### Work to complete
The task calls for an exact retyping of the lines from the one holding "Italian mid-century white" through the end of the listing, with pictures omitted and nothing added.

Content starts

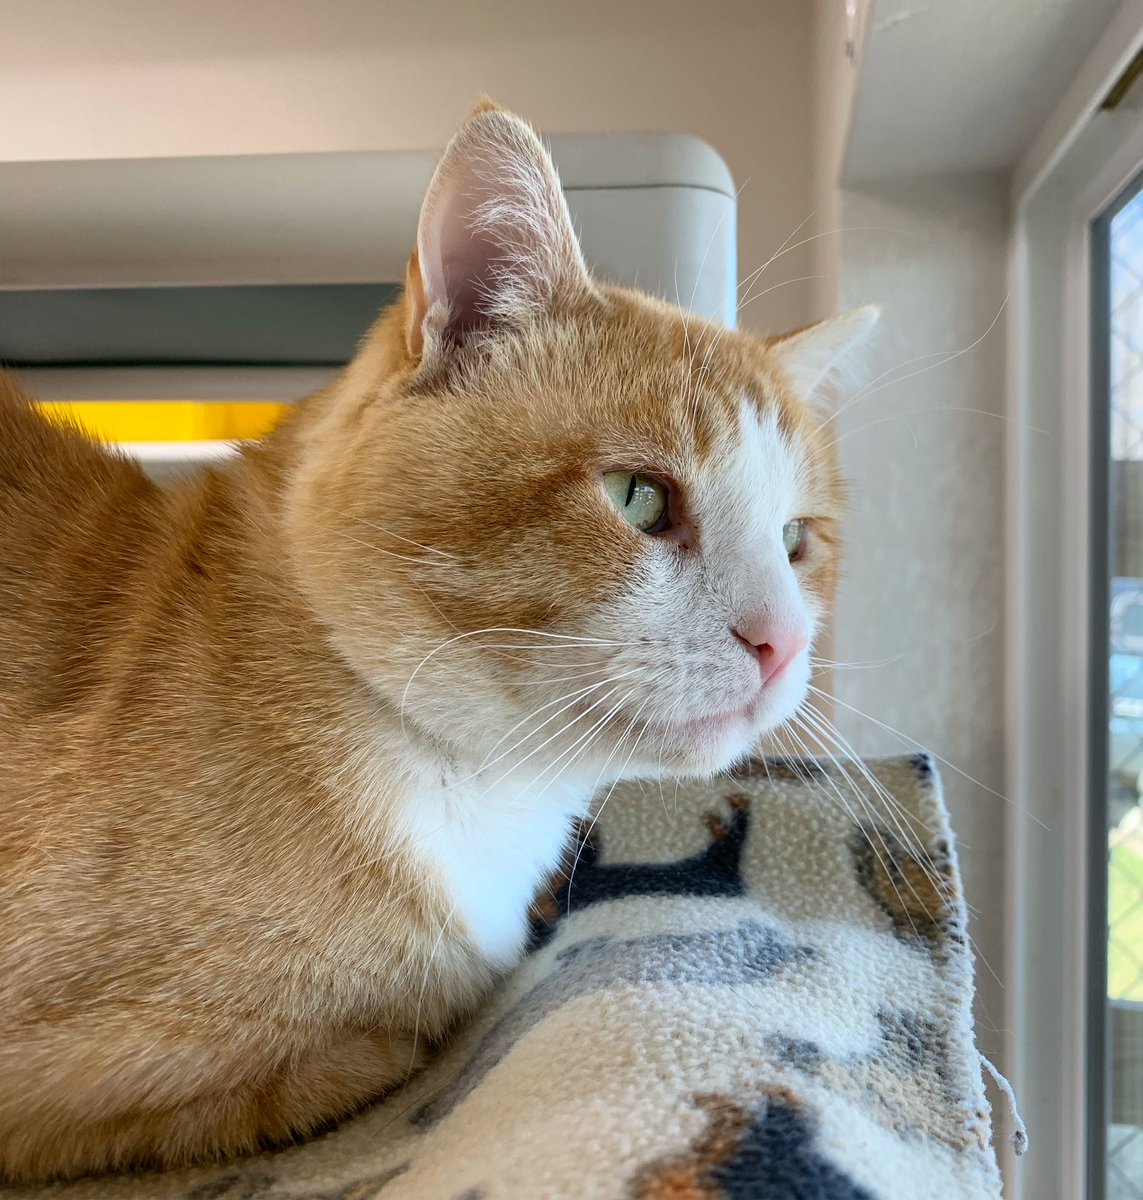 Does your window have what it takes to be Monroe-worthy? One way to find out!

cdhs.net #caturday #sheltercat #adoptdontshop #cats #catsoftwitter
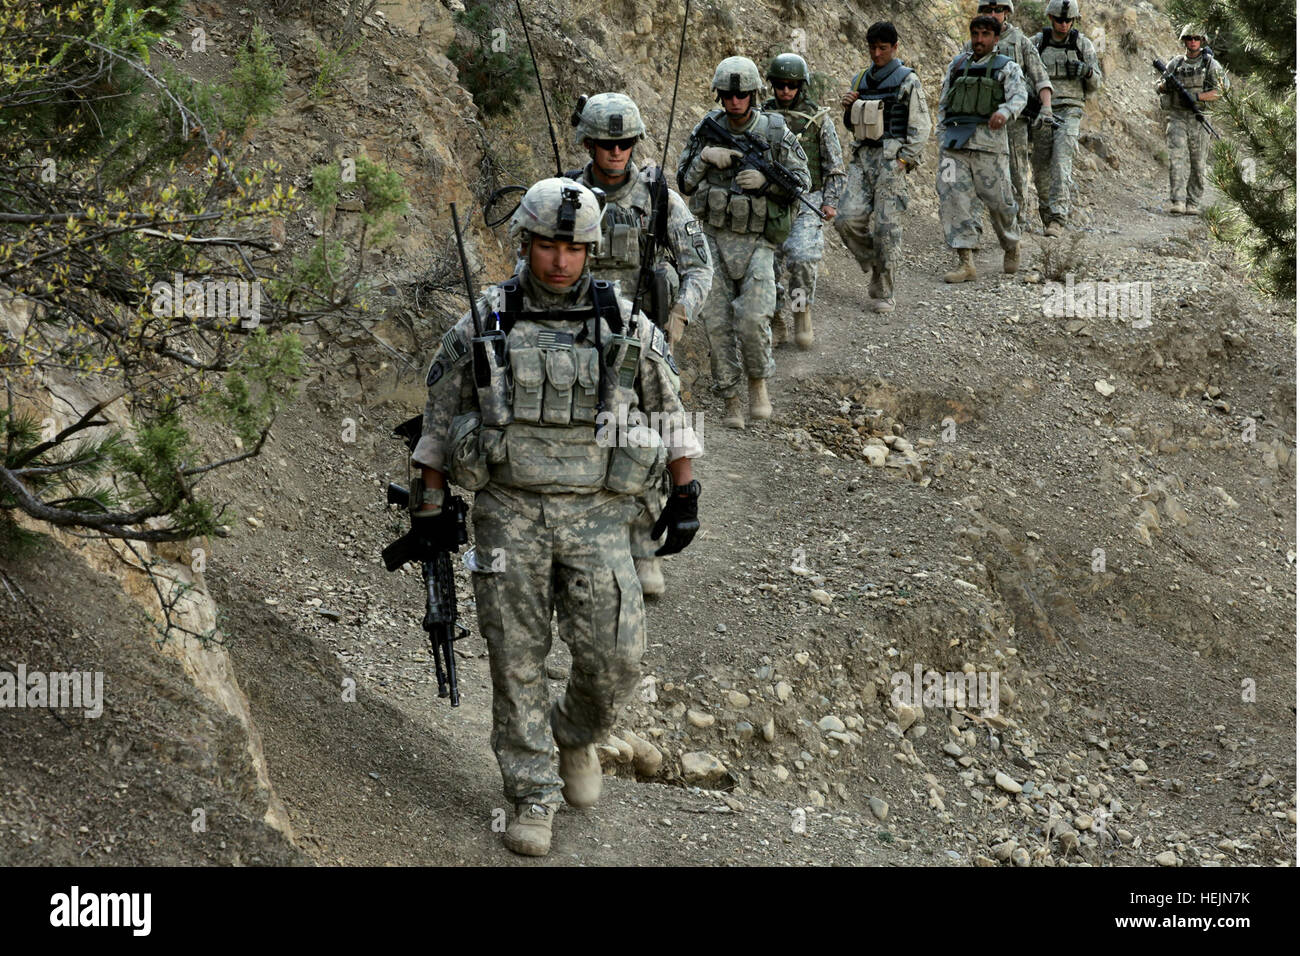 U.S. Soldiers with Apache Troop, 1st Squadron, 40th Cavalry Regiment and Afghan Border Policemen walk along a mountain trail during a patrol near Combat Outpost Herrera in the Paktiya province of Afghanistan Oct. 13, 2009. (DoD photo by Staff Sgt. Andrew Smith, U.S. Army/Released) Flickr - The U.S. Army - Afghan Border Police in Paktiya province Stock Photo
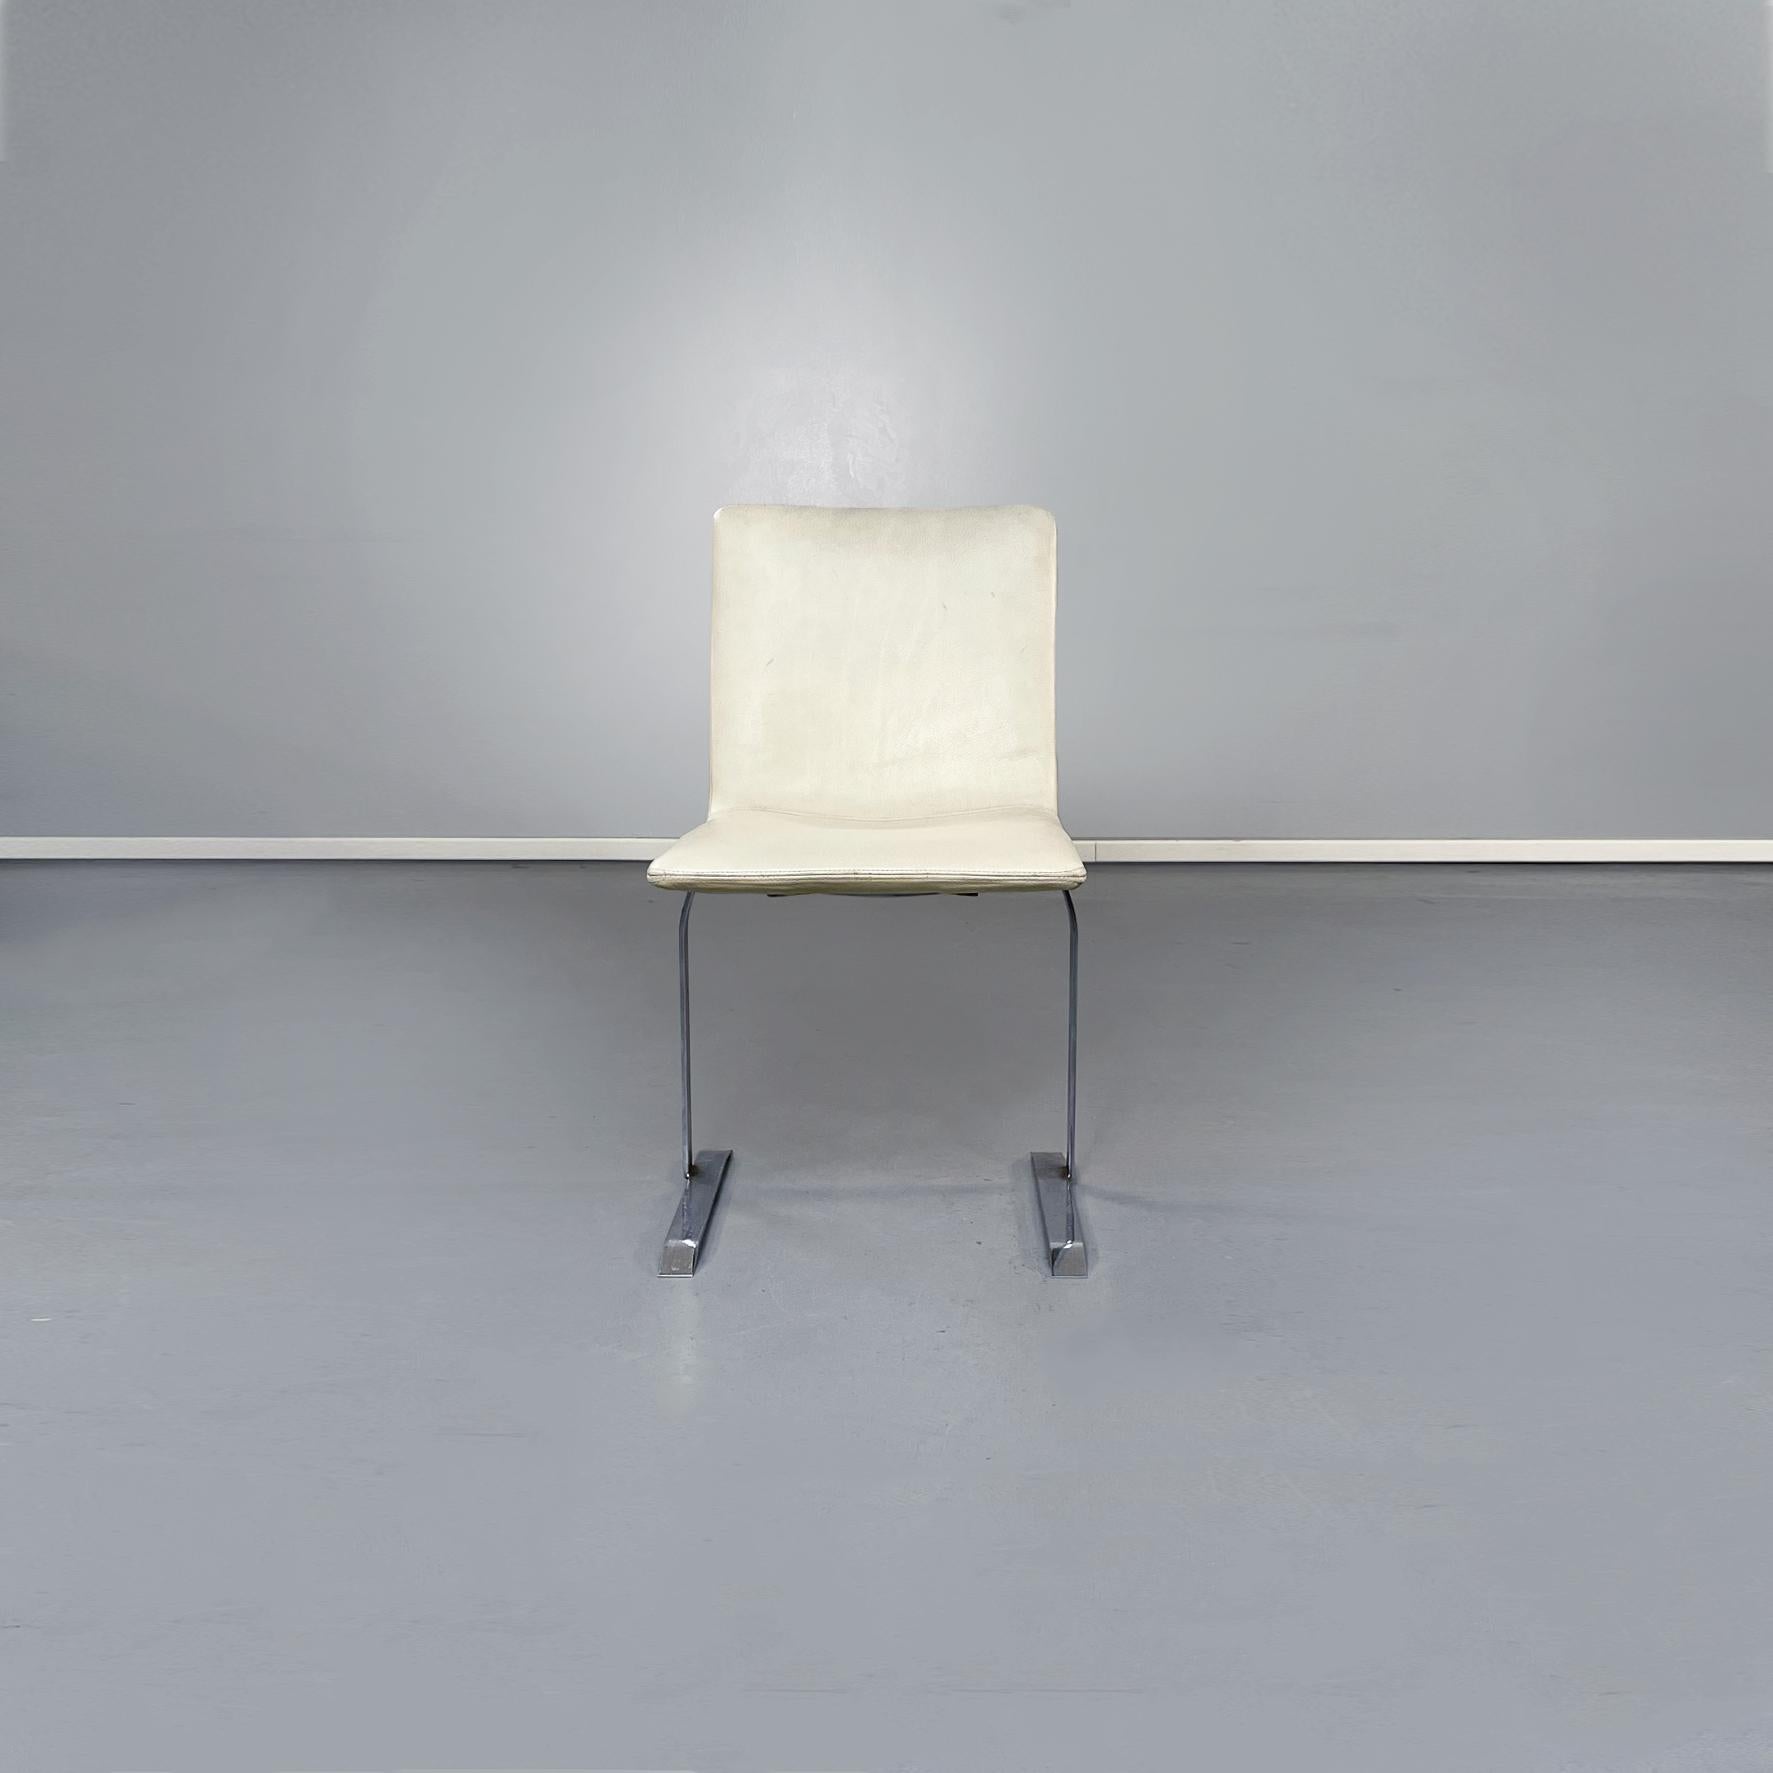 Italian mid-century white leather and steel chairs by Offredi for Saporiti, 1970s
Six chairs with curved padded seat covered in white leather, while the structure is in steel.
Produced by Saporiti in 1970s and designed by Giovanni Offredi. Labels

Content ends

### Problem solution
 Italian mid-century white leather and steel chairs by Offredi for Saporiti, 1970s
Six chairs with curved padded seat covered in white leather, while the structure is in steel.
Produced by Saporiti in 1970s and designed by Giovanni Offredi. Labels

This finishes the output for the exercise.